Knowledge of a protein’s 3D structure can provide critical insights into aspects of its biological function: from catalytic mechanisms and protein–protein interactions to the reasons that specific gene mutations cause harmful disruptions.
Genome3D collates and presents data from resources that use the domain structures from the Structural Classification of Proteins (SCOP) and CATH classifications to provide predictions on sequences for which a structure may not yet have been solved. The SCOP and CATH databases classify protein domains derived from structurally characterized proteins deposited in the Protein Data Bank (PDB) (1
). Domains are classified into homologous superfamilies and fold groups (see ‘Materials and Methods’ for more information on SCOP and CATH).
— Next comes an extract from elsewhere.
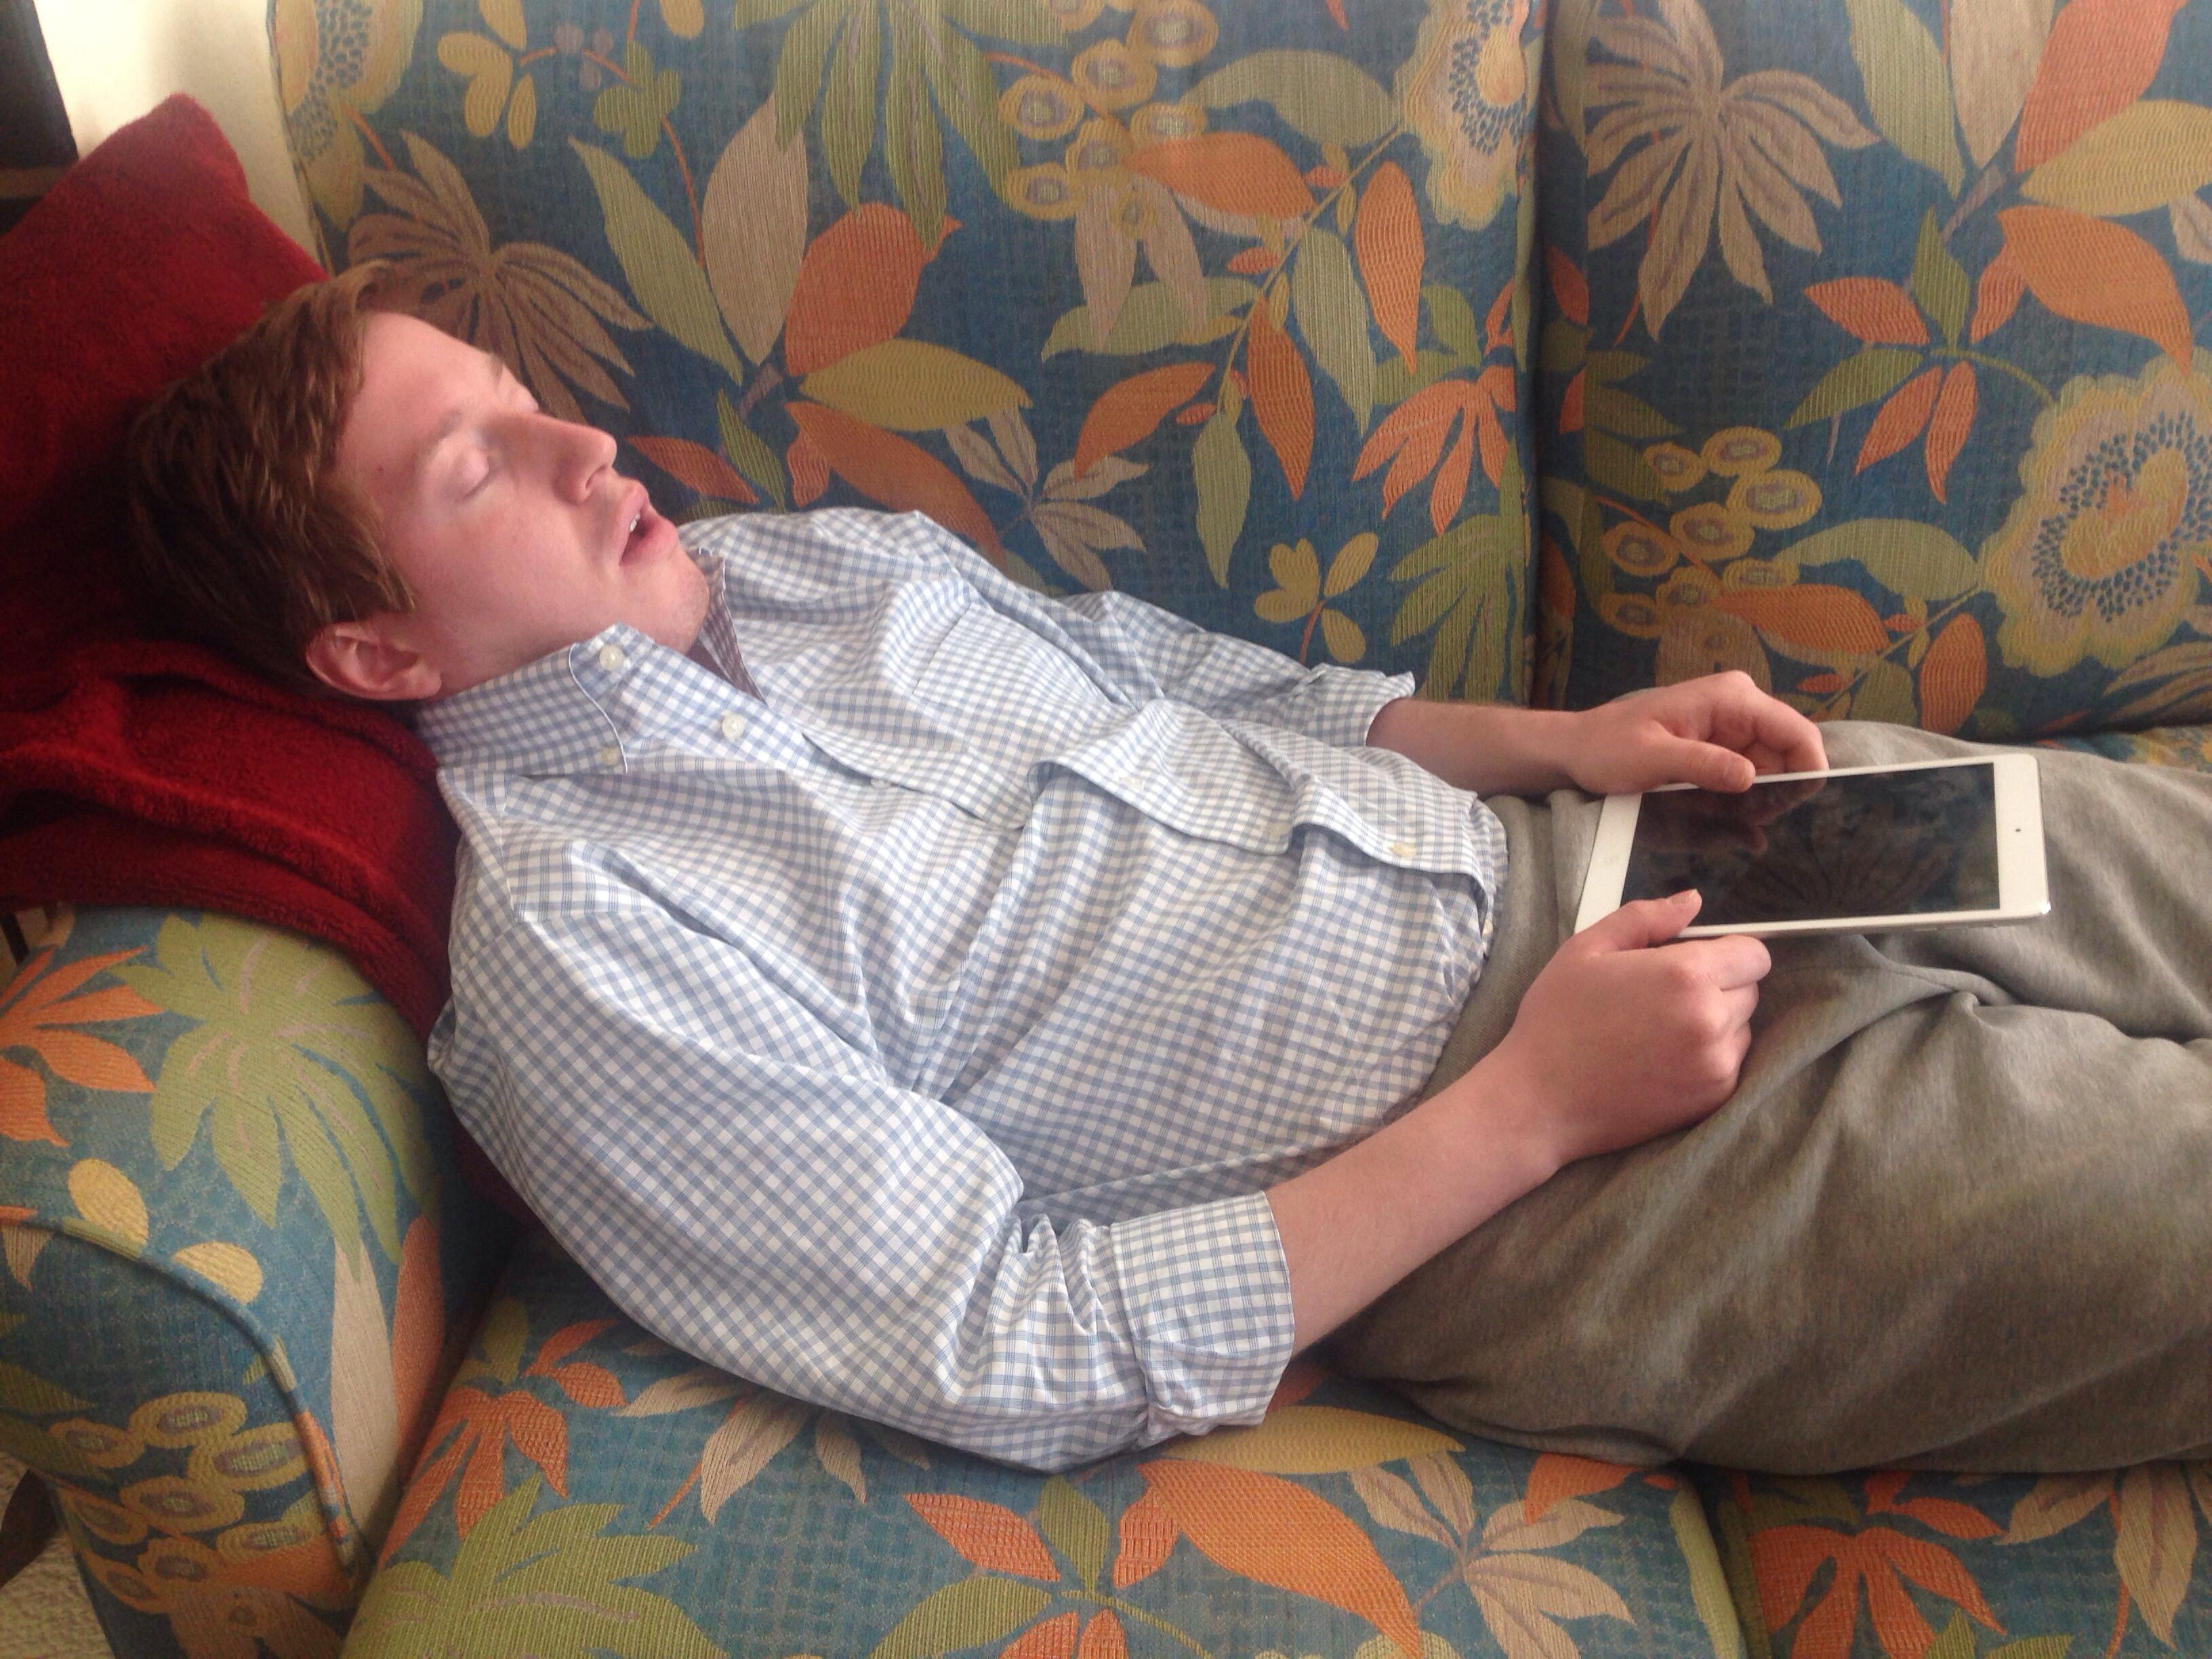 Sleeping position of man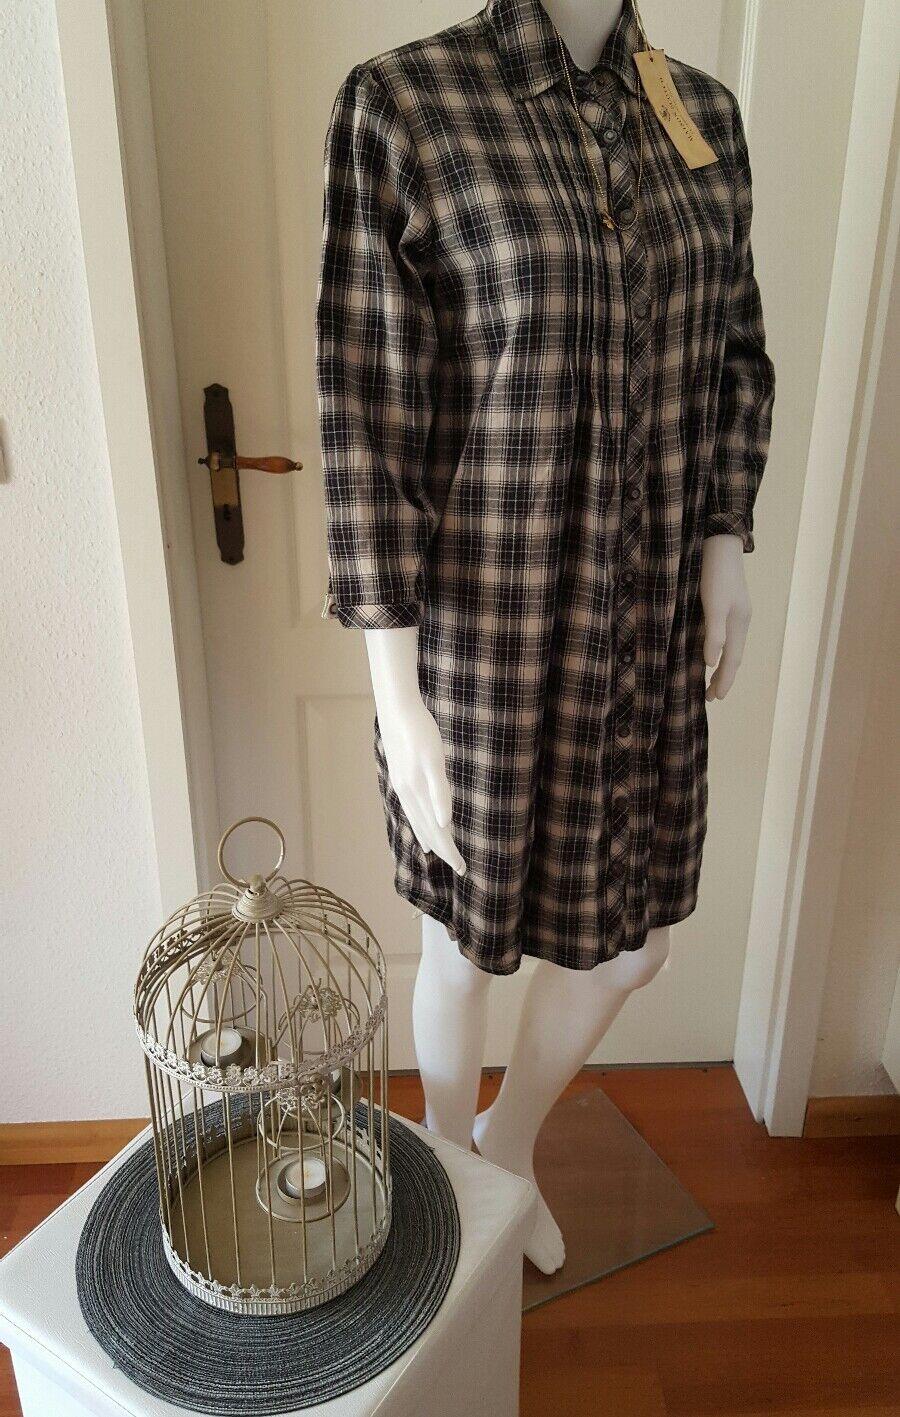 ❤️ Scotch & Soda Pleated Kleid Longshirt Shirt Blause Hemd kariert Gr. S ❤️ NEU

Although both resources combine automated methods with manual curation to detect homologous domains, SCOP relies more heavily on manual curation. For CATH, homologs are automatically recognized using in-house structure comparison methods [SSAP (2
), CATHEDRAL (3
) and Hidden Markov Model (HMM)-based strategies (4
)]. In addition to differences in protocols for structure classification, SCOP and CATH use somewhat different criteria for recognizing domain boundaries in multi-domain structures. SCOP only recognizes domains that have been observed to recur in different multi-domain contexts, whereas CATH also use physical considerations such as globularity and compactness.
Although all five domain prediction methods in Genome3D exploit homology-based approaches to predict domain structures in uncharacterized protein sequences, different strategies are used (see ‘Materials and Methods’ section). Some (Gene3D, SUPERFAMILY) exploit HMM-based strategies for recognizing relatives of SCOP or CATH superfamilies. Others use more sensitive threading-based strategies, which detect much more remote homologues to SCOP (FUGUE, Phyre) or CATH (FUGUE, pDomTHREADER) superfamilies.
All five resources are widely used by the biology community to obtain structure predictions and annotations for their sequences. However, it is clear that, especially in the cases of remote homologues, none of the methods is guaranteed to provide the correct answer. Therefore, a major aim of the resource is to display predictions from all the groups so that users can identify regions that are more likely to be correct because there is extensive agreement between the resources. This information is displayed in a highly intuitive fashion. Furthermore, users can easily follow links from Genome3D to any of the individual resources if they need more information.
Thus Genome3D is analogous to InterPro in providing comparisons between domain family annotations supplied by different resources. A major difference with InterPro, however, is the fact that Genome3D provides structural annotations for very remote homologues in domain families (i.e. predictions from FUGUE, pDomTHREADER, Phyre). These annotations are not provided in InterPro. Furthermore, <50% of the structure annotations provided by Gene3D/SUPERFAMILY are displayed in InterPro, and no predicted 3D models are provided by InterPro. Instead, it focuses mainly on sequence-based family resources. Thus, Genome3D is an important complementary resource.
Structure data, and in particular the 3D models provided by Genome3D, are important in understanding the mechanisms by which proteins function. For example, 3D structure can help identify highly conserved residues clustering in active site regions. It is becoming increasingly important in interpreting the impacts of genetic variants identified by the next generation sequencing projects. These correspond to non-synonymous single nucleotide polymorphisms (nsSNPs) and alternative splice variants that can affect the structure of the protein and its ability to perform its function. For example, mutations of residues in or close to the active site have been found to be implicated in some cancers (5
). By providing 3D models and information on regions of high and low confidence in the domain predictions, Genome3D can help biologists and biomedical researchers determine whether genetic variations, e.g. nsSNPs, are likely to damage the structure and thereby affect the proper functioning of the protein.